Correspondent: But you are willing to confront what you call the Jim Crow gaze. That look where someone looks at another person as if there is nothing there. Complete invisibility. Entirely because of race and also often because of class or because of sexual orientation or what have you. It seems to me that this willingness on your part to tackle this difficult question doesn’t necessarily make your views on humiliation legitimate or transferable from this place of privilege and this place of media obsession to this really stark territory of “How do I get by when I don’t have any options on the streets?”

Koestenbaum: Right.

Correspondent: No thoughts in terms of the Jim Crow gaze in comparison to the Alec Baldwin stuff we were talking about before?

Koestenbaum: It’s a really — I mean, I talk about both things in the book.
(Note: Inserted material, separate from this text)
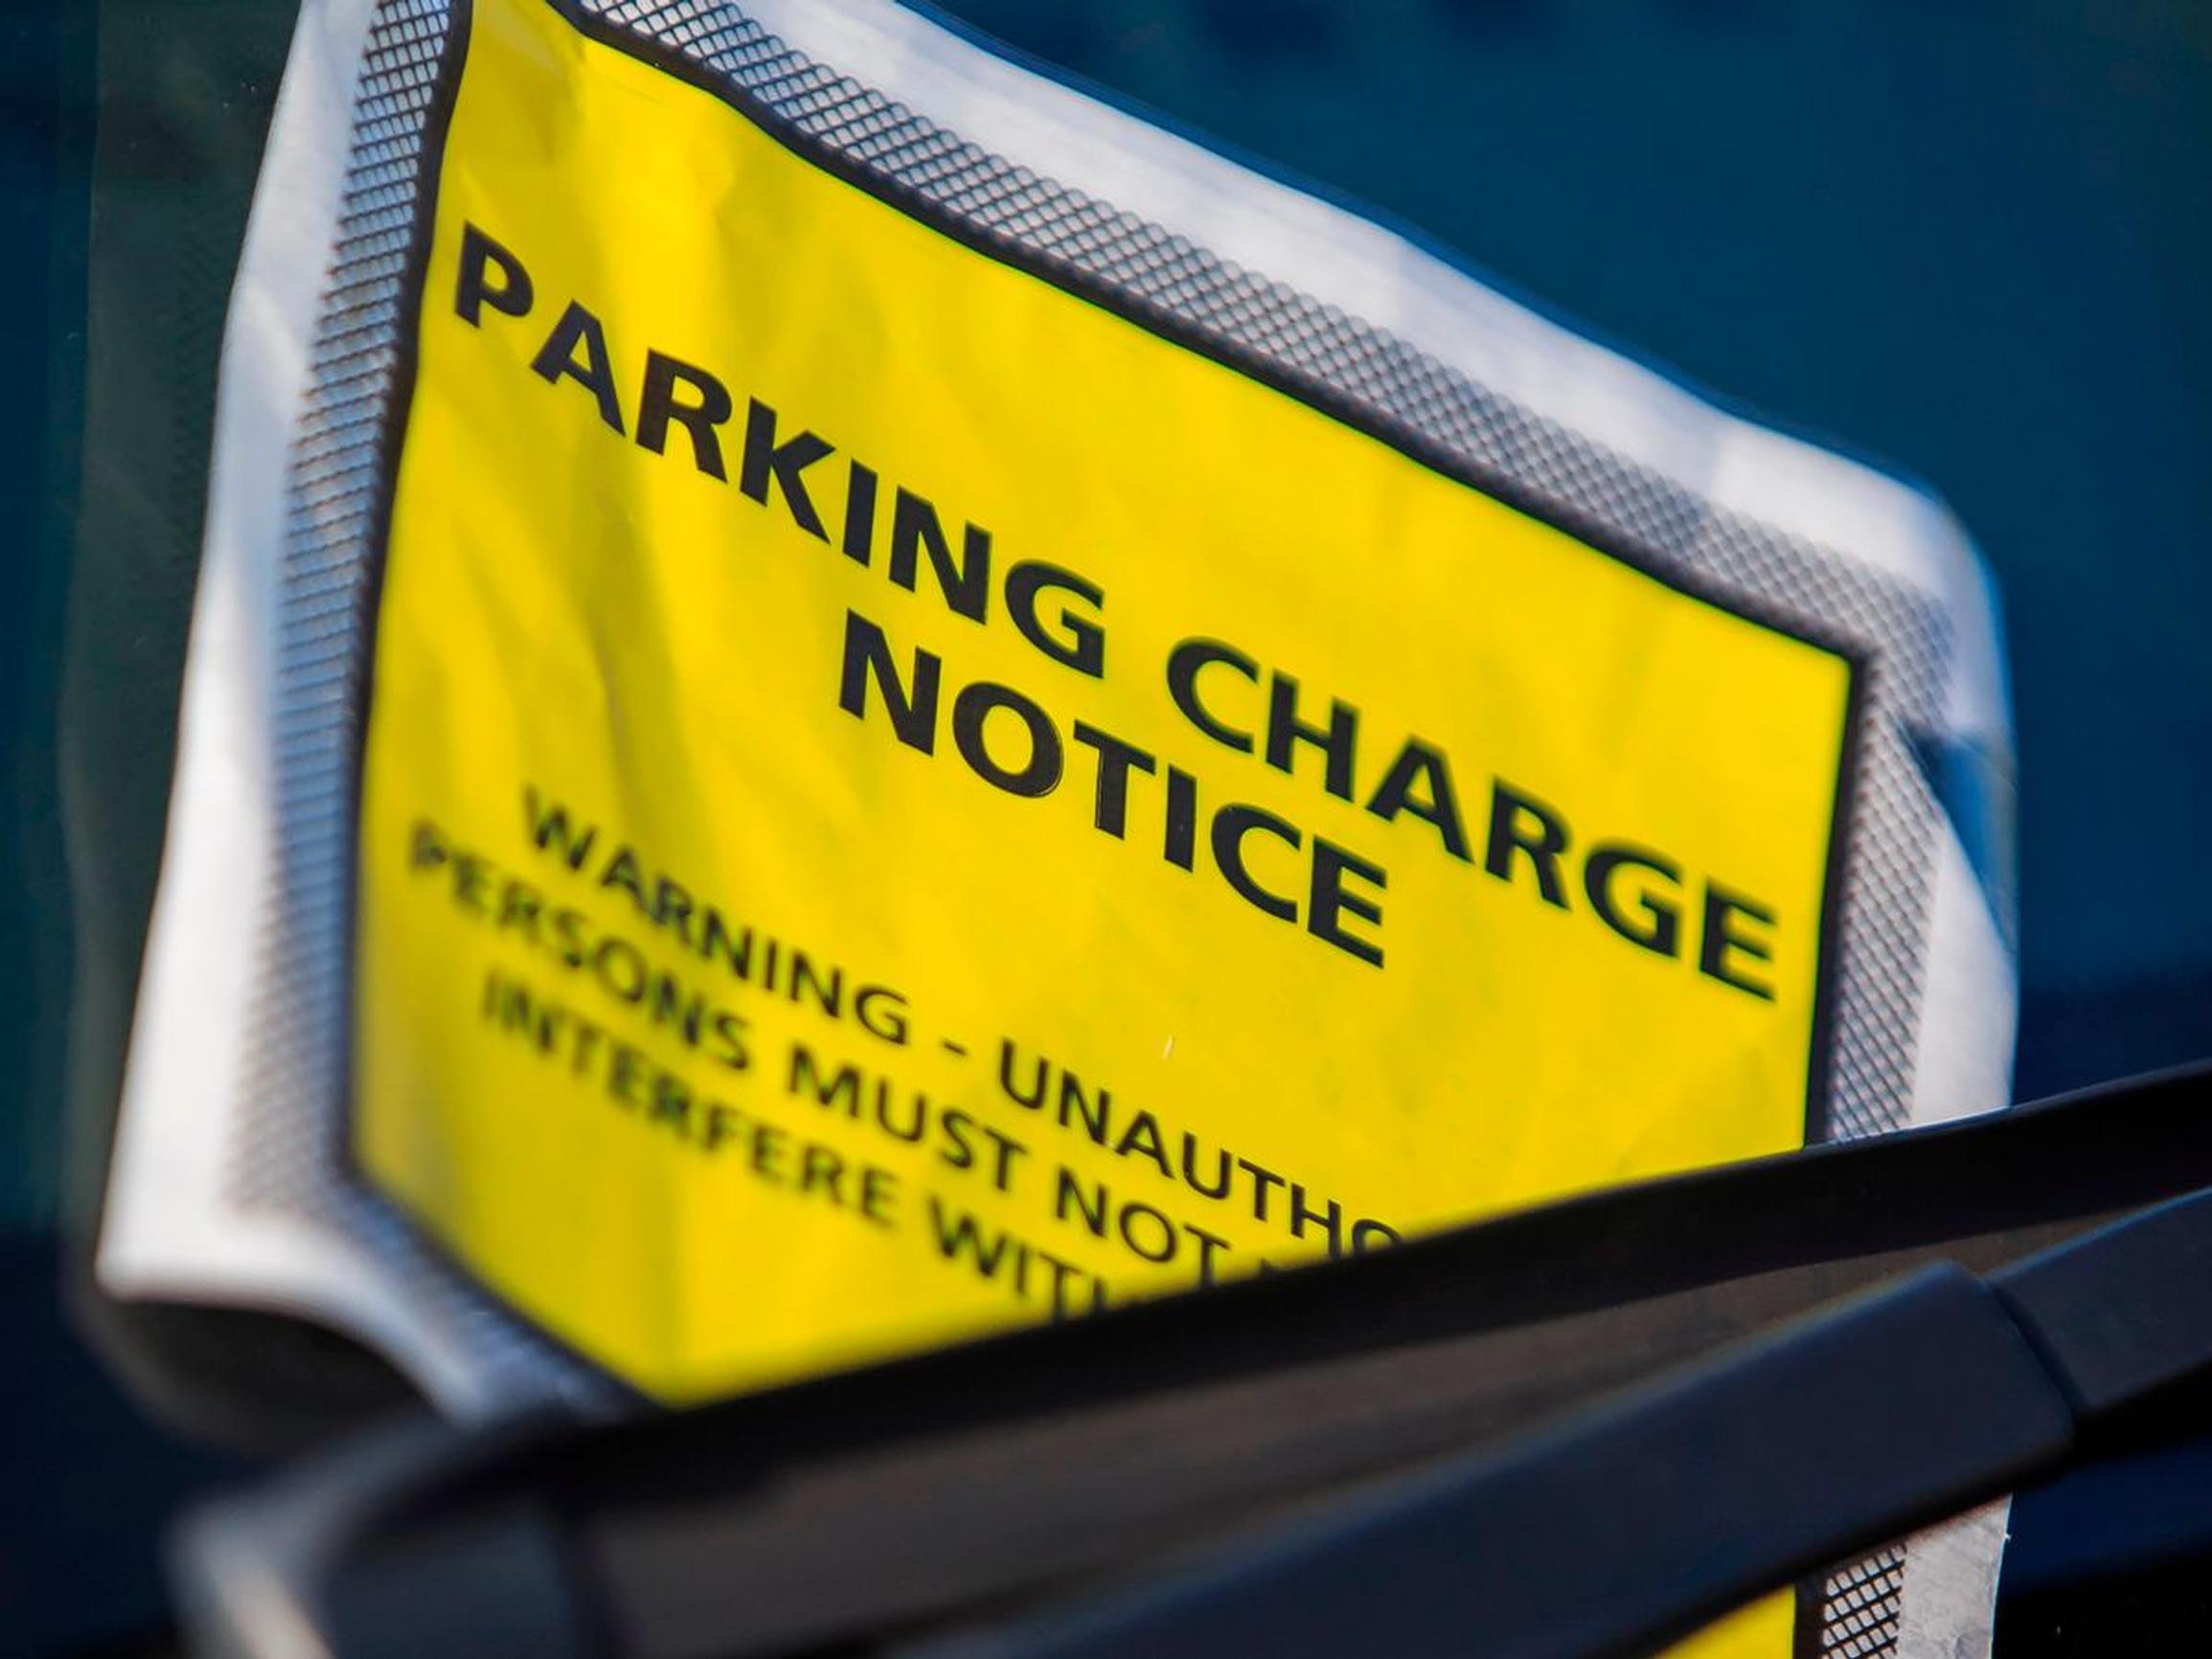 Concern at rising number of private parking notices

Because it seems that with the title and a subject like humiliation, I have a feeling I don’t want to write a book just about the Alec Baldwin things. That’s only one question that interests me. And I was just as much motivated to write this book by the Abu Ghraib things. But as I say, very honestly, there were three catalysts: Clinton, Michael Jackson, and Abu Ghraib. They have very little to do with each other. But there is a kind of spectrum where all three instances involve the United States, power, scandal, and sex. Or the sexualizing of — I don’t know. I don’t want to say glib or wrong things.

Correspondent: Yeah.

Koestenbaum: I try in this book through the use of these numbered fragments to keep as separate as possible some of these kinds of instances for exactly what you’re suggesting. That it’s not possible to map what you’re calling “privileged humiliations” or, as I describe on my own, having had a relatively humiliation-free and lucky life, nonetheless I could go into this litany of my humiliations. I don’t want to say that all suffering is the same.
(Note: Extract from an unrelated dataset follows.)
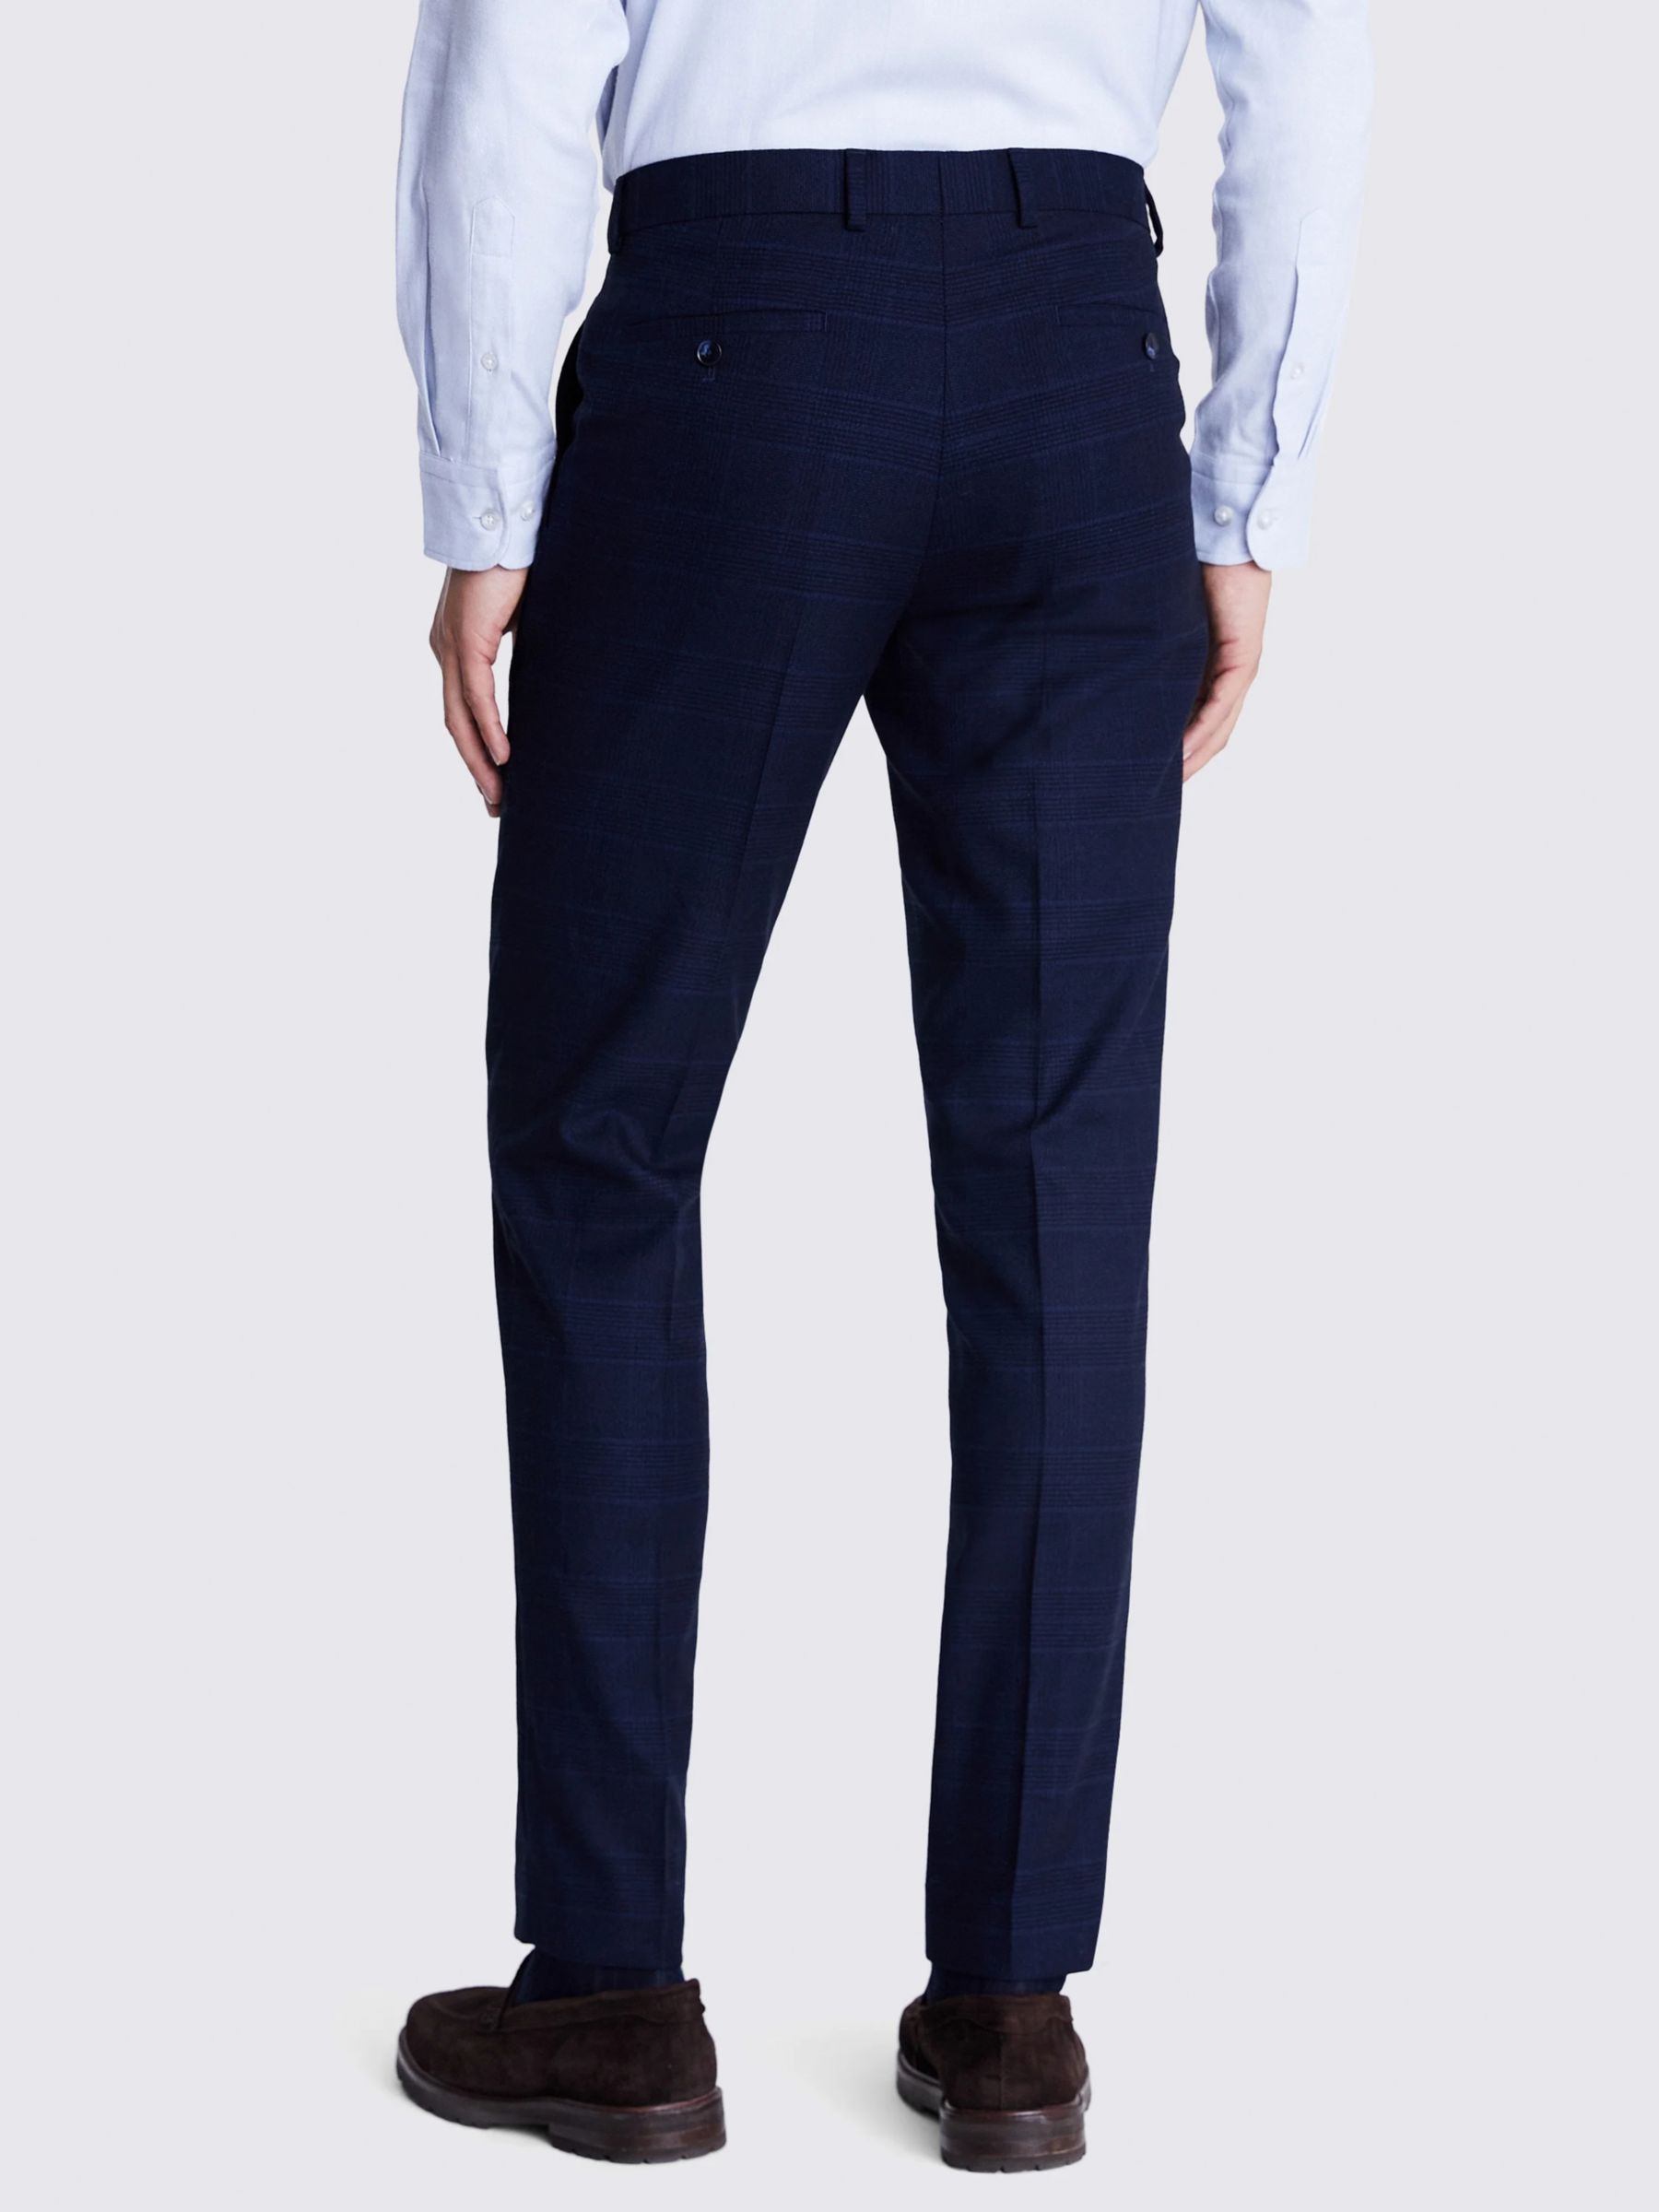 Moss Slim Fit Check Trousers, Ink, 36R

Correspondent: Life is not a comparison of horrors. That kind of thing.

Koestenbaum: No.

Correspondent: Well, let me try to get on this from another angle. You had mentioned very early on — and I was actually going to bring this up too — the photos that Annie Leibovitz took of Susan Sontag. The Osama bin Laden execution. There was no photo of a dead body. Saddam Hussein’s execution, we do get to see him. Now you write of Leibovitz taking photos of Sontag’s corpse, as we said earlier, quoting David Rieff, who said that she was humiliated posthumously. So the question is, if one doesn’t have the choice of seeing the photos, is it still possible to humiliate the object or the person? Was the decision, for example, to not release the Osama photos a more respectful choice? Or was it possibly something — by not giving Americans the option to humiliate or to not humiliate, maybe it was almost a dishonest choice. What do you think about that?

Koestenbaum: Yeah. I mean, I don’t want to chicken out of a question But I can’t. I don’t know — do I really want to talk about the Osama bin Laden photos? It feels way beyond what I can speak about responsibly in a way.

Correspondent: Even if you were also simultaneously asking us to feel kindness for those who are absolutely terrible as well.

Koestenbaum: Yeah. I mean, the only reason I say I don’t want to — it just seems — just because I wrote this book, it doesn’t mean I feel that I’m an expert on the world’s atrocities or am some extraordinary moral barometer in a way. The question has a lot of responsibility tied into it. As if because I mentioned the Susan Sontag photos in the book, I’m automatically going to have an opinion about the Osama bin Laden photos. Which I don’t. I mean, basically, I don’t have a stand about “Yes, release all photos” or “No, don’t release all photos.” Maybe I don’t understand your question.

Correspondent: Maybe the direct question to ask you is: Is Osama worthy of the same respect if someone is being humiliated as David Rieff suggested of Sontag?

Koestenbaum: Well, is that then the question of, like, “Is it possible to imagine Hitler had a mother and that she loved him?” And that’s again a question way too complicated to know the answer to. Is it possible to include in the human family some of the worst people? And I do say in the book that when I imagine or see a serial killer led to his execution, whimpering, I feel clemency rise within me. Yeah, I have that impulse. I bet you do too, if you’re asking the question. Yeah, I do have that impulse.